How this preserved value can be used?

We have no need to preserve ra because we have no full-grown exception handlers.

> > +	/* Compute _start load address */
> > +	bal	compute_load_address
> > +	 nop
> > +
> > +compute_load_address:
> why don't you use the relocate from Shinya-san?

Because my memory usage is differ.
I will try to explain my view on the memory usage in a separate letter.

Shinya-san's memory usage:

  CONFIG_TEXT_BASE=0x9fc00000
  _start link address = CONFIG_TEXT_BASE

Let's use 32-bit CPU, CONFIG_64BIT is not set.

The MIPS cpu reset entry point is 0xbfc00000 (KSEG1, unmapped and
uncached region).
So code after _start label run from 0xbfc00000.

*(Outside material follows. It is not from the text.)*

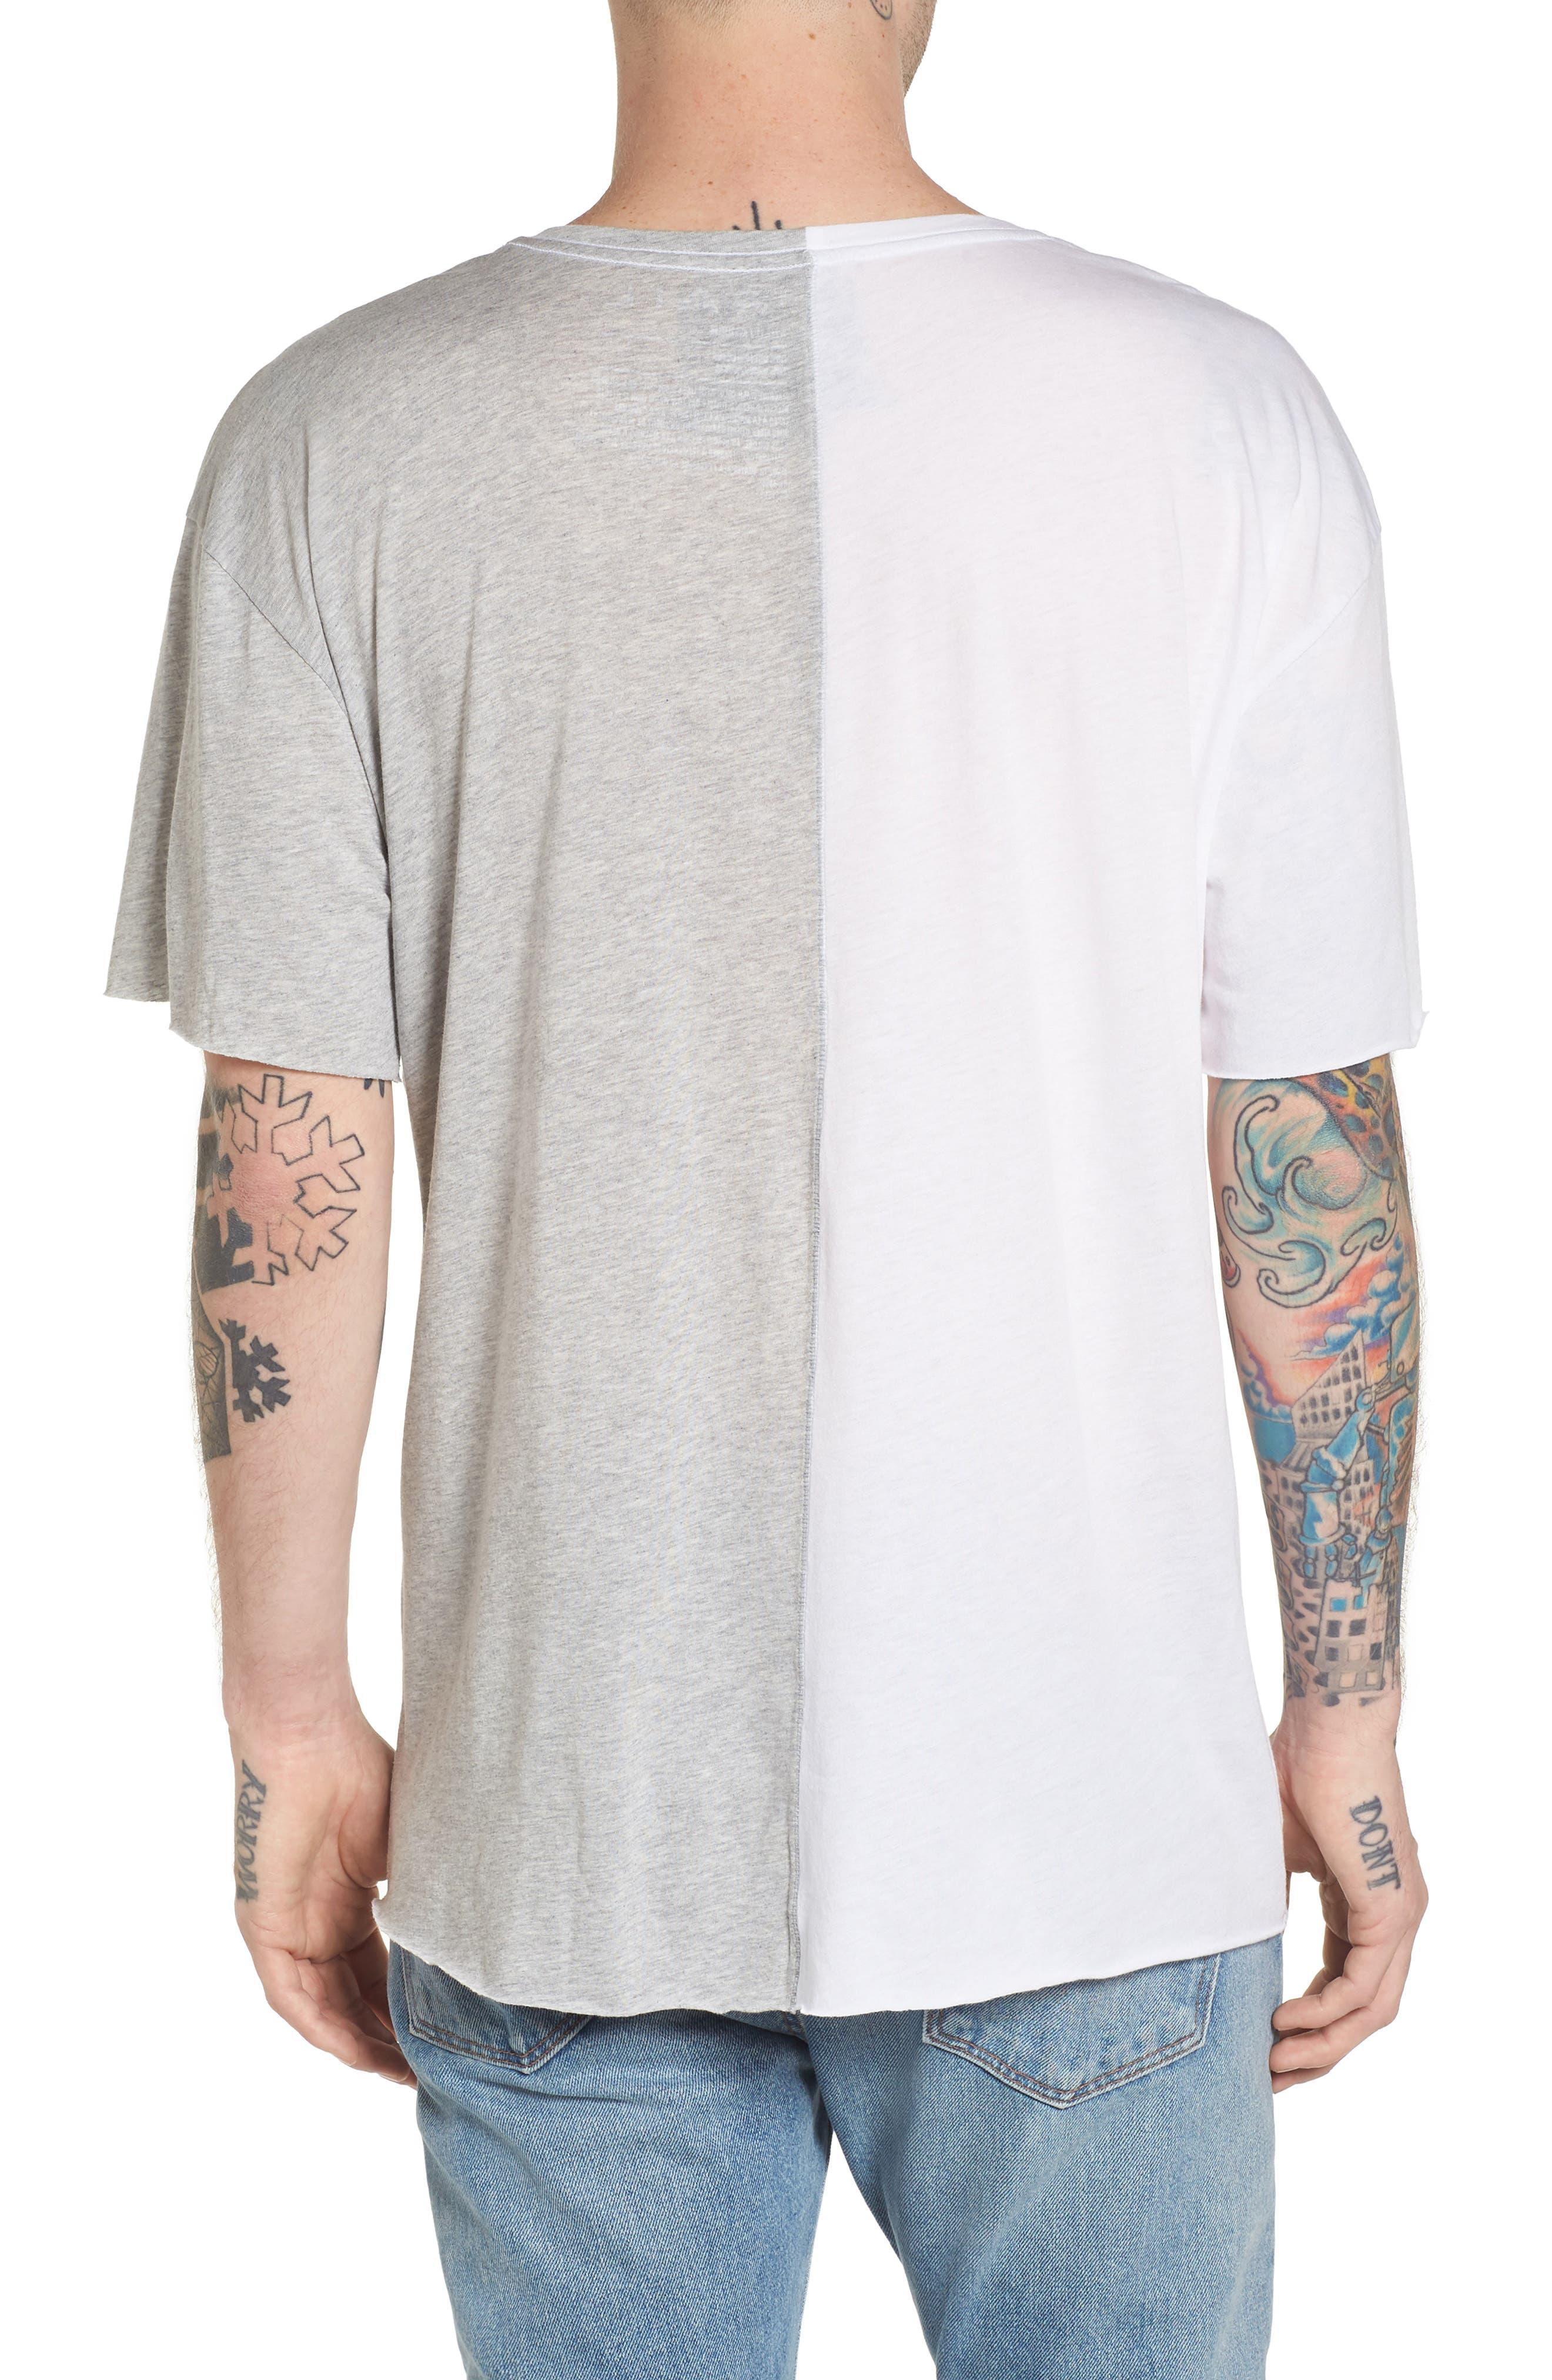 Boxy Splice T-Shirt,                             Alternate thumbnail 2, color,                             White/ Grey Heather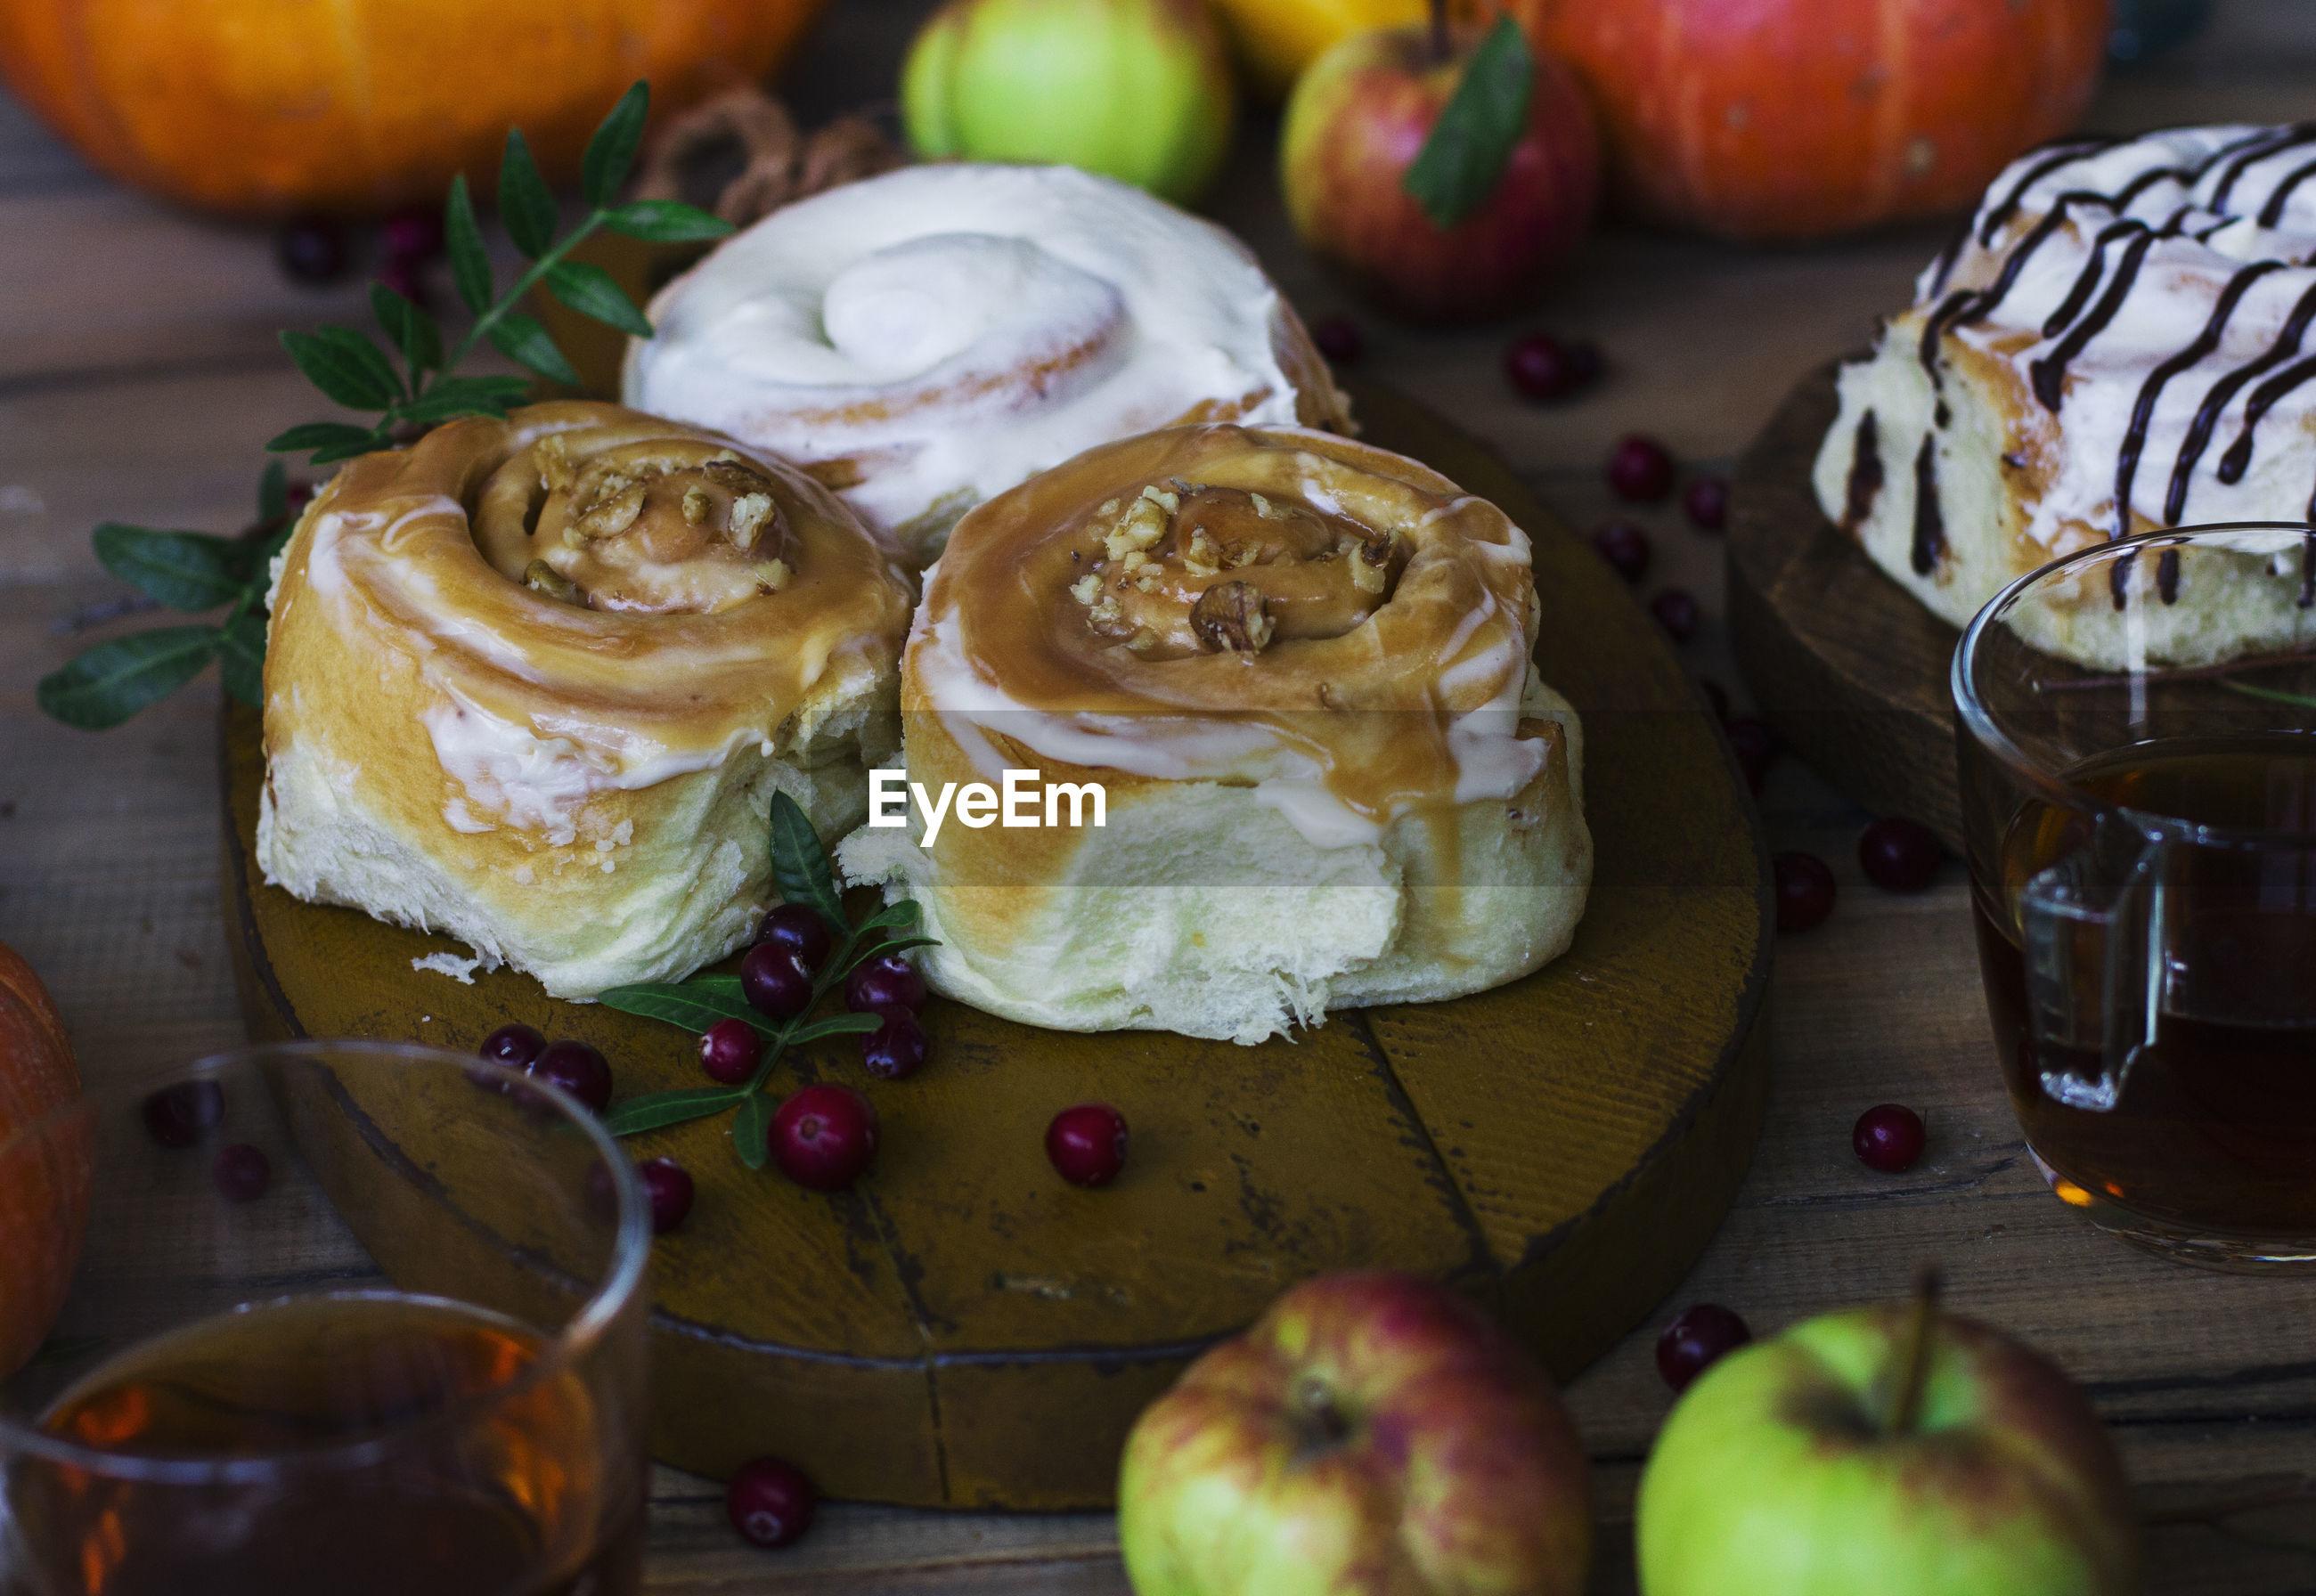 Cinnamon bun and apples with coffee on table

Let's see Shinya-san's code
---- Shinya-san's code start (arch/mips/cpu/start.S) ----
	setup_c0_status_reset

	/*
	 * Config: K0 should be set to the desired Cache Coherency
	 * Algorithm (CCA) prior to accessing Kseg0.
	 */
	mfc0	t0, CP0_CONFIG
	/* T.B.D. */
	mtc0	t0, CP0_CONFIG

	/*
	 * Config: (4KEm and 4KEp cores only) KU and K23 should be set to
	 * the desired CCA for USeg/KUSeg and KSeg2/3 respectively prior to
	 * accessing those regions.
	 */
	mfc0	t0, CP0_CONFIG
	/* T.B.D. */
	mtc0	t0, CP0_CONFIG
---- Shinya-san's code end ----

does this code initialise KSEG0 cache mode?
does this code change CP0_CONFIG at all?
My answer is "no".

But bellow, you can see switching to KSEG0 (label 1f linked to 0x9fc00xxx) ...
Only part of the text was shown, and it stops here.